## DIRECTIONS FOR THIS TASK
Quote all of the data exactly as given. Skip every picture it contains.

## DATASET SECTION
--------------------------------

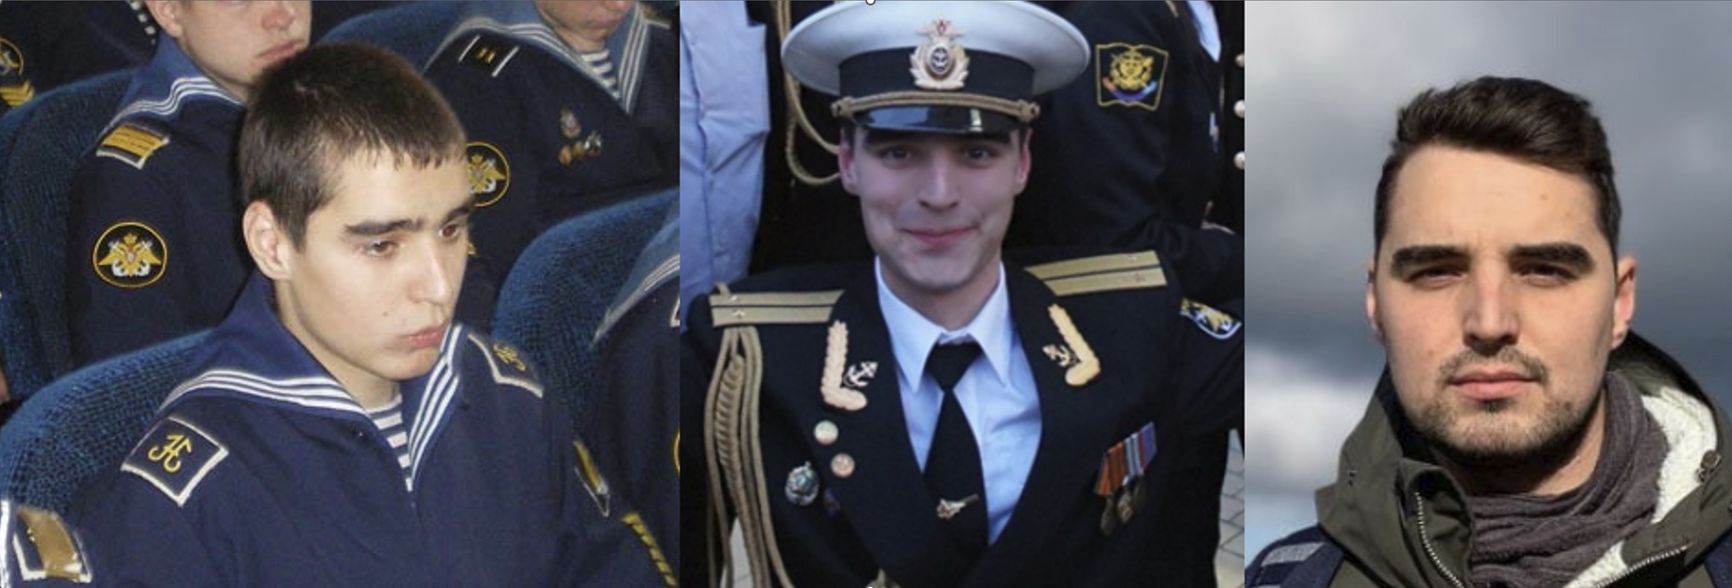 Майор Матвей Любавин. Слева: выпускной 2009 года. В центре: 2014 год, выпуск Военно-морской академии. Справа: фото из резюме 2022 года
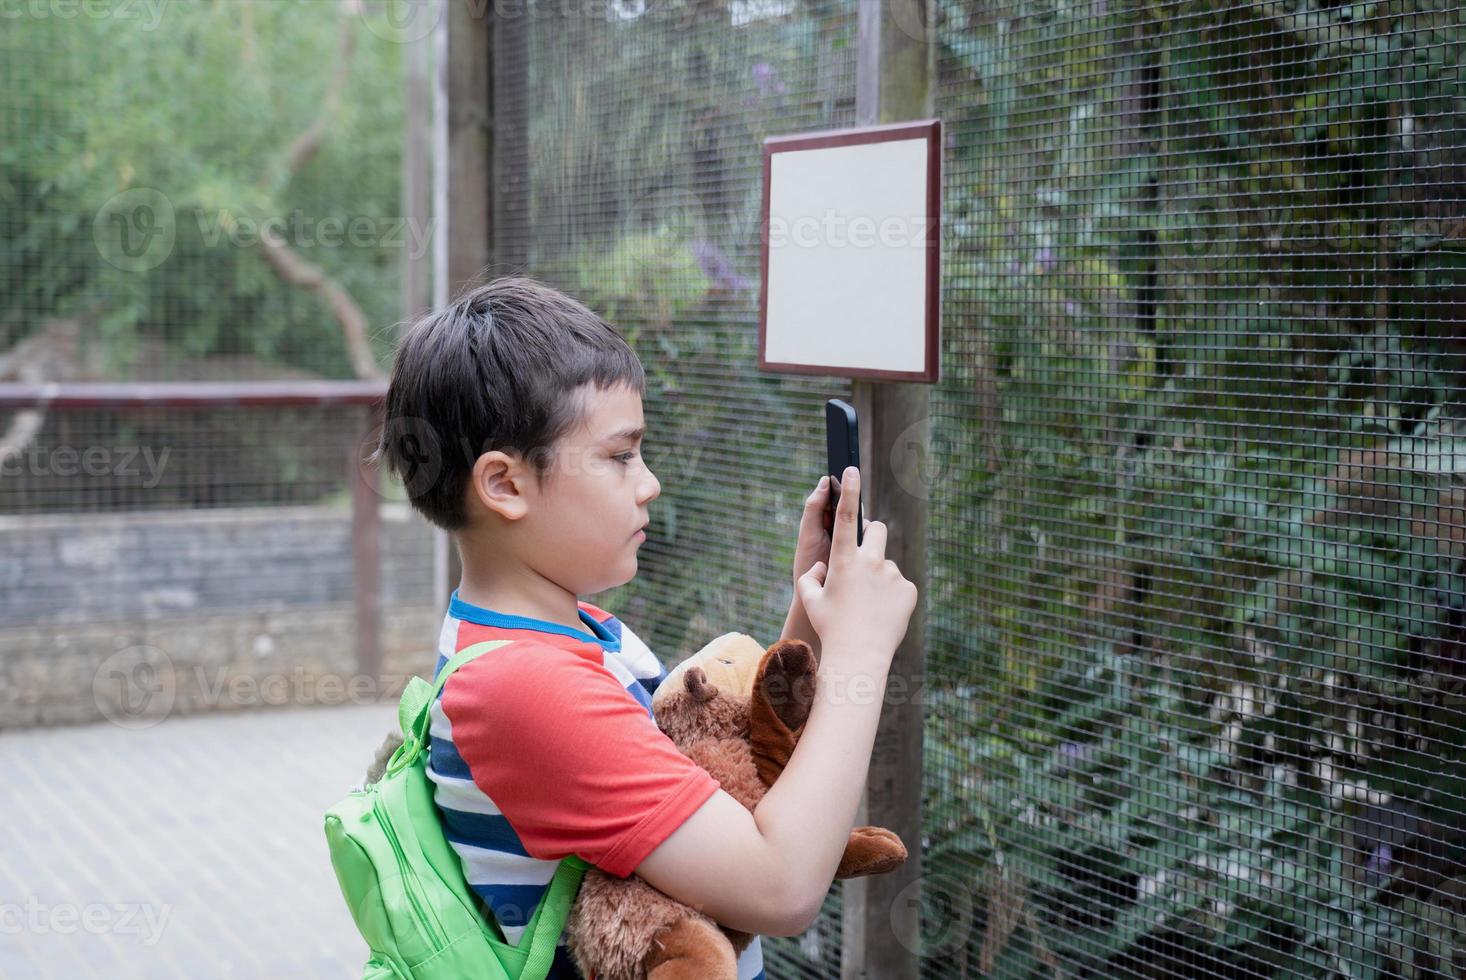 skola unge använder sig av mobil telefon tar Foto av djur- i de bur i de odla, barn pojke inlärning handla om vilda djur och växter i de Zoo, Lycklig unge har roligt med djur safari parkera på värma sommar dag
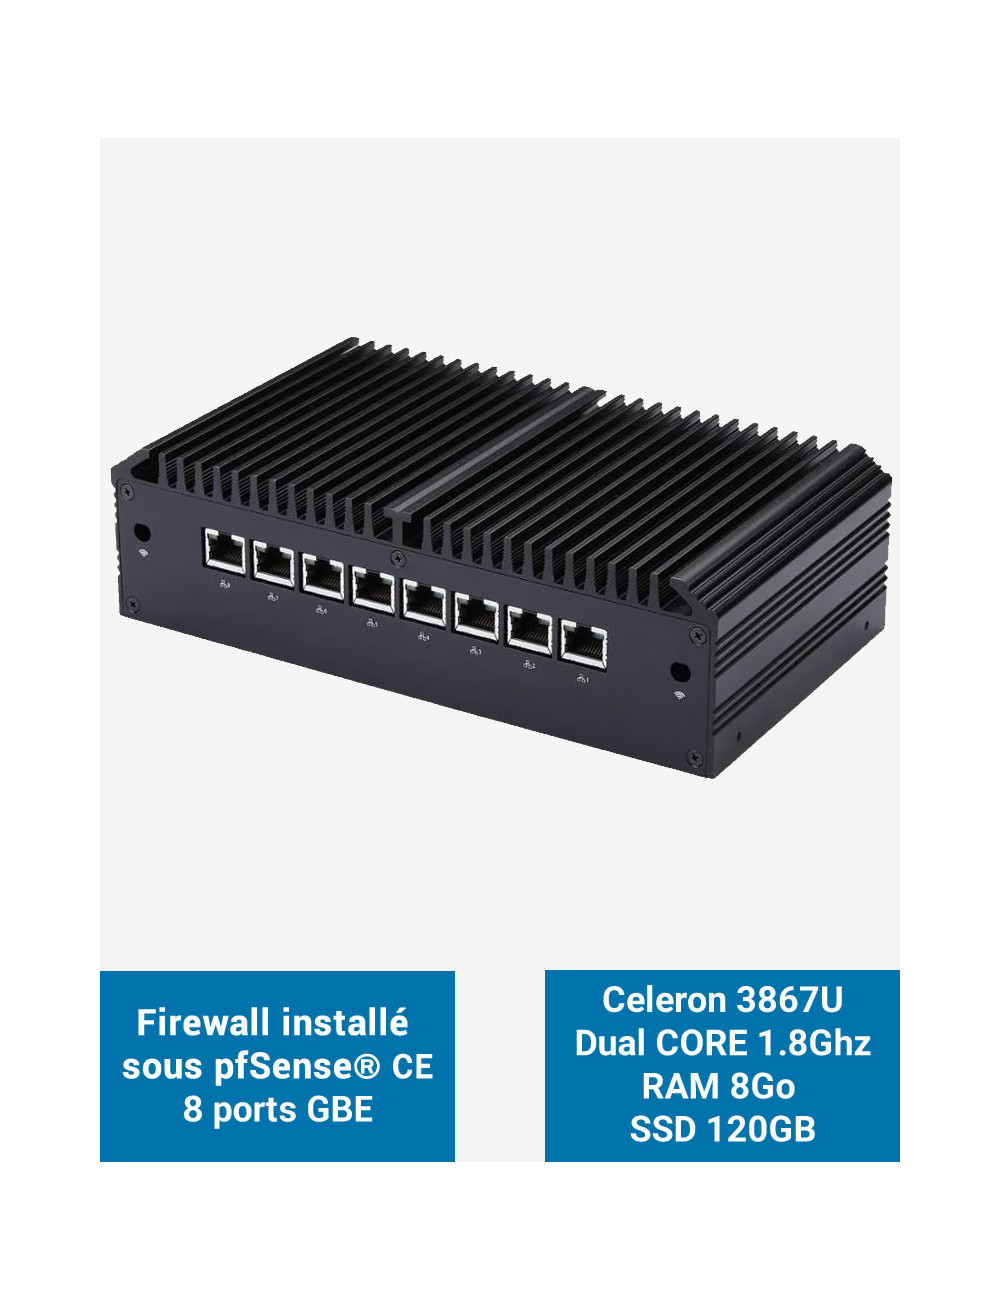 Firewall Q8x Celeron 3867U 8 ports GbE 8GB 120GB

--------------------------------

## WRITTEN SOLUTION
 Майор Матвей Любавин. Слева: выпускной 2009 года. В центре: 2014 год, выпуск Военно-морской академии. Справа: фото из резюме 2022 года
 skola unge använder sig av mobil telefon tar Foto av djur- i de bur i de odla, barn pojke inlärning handla om vilda djur och växter i de Zoo, Lycklig unge har roligt med djur safari parkera på värma sommar dag
 Firewall Q8x Celeron 3867U 8 ports GbE 8GB 120GB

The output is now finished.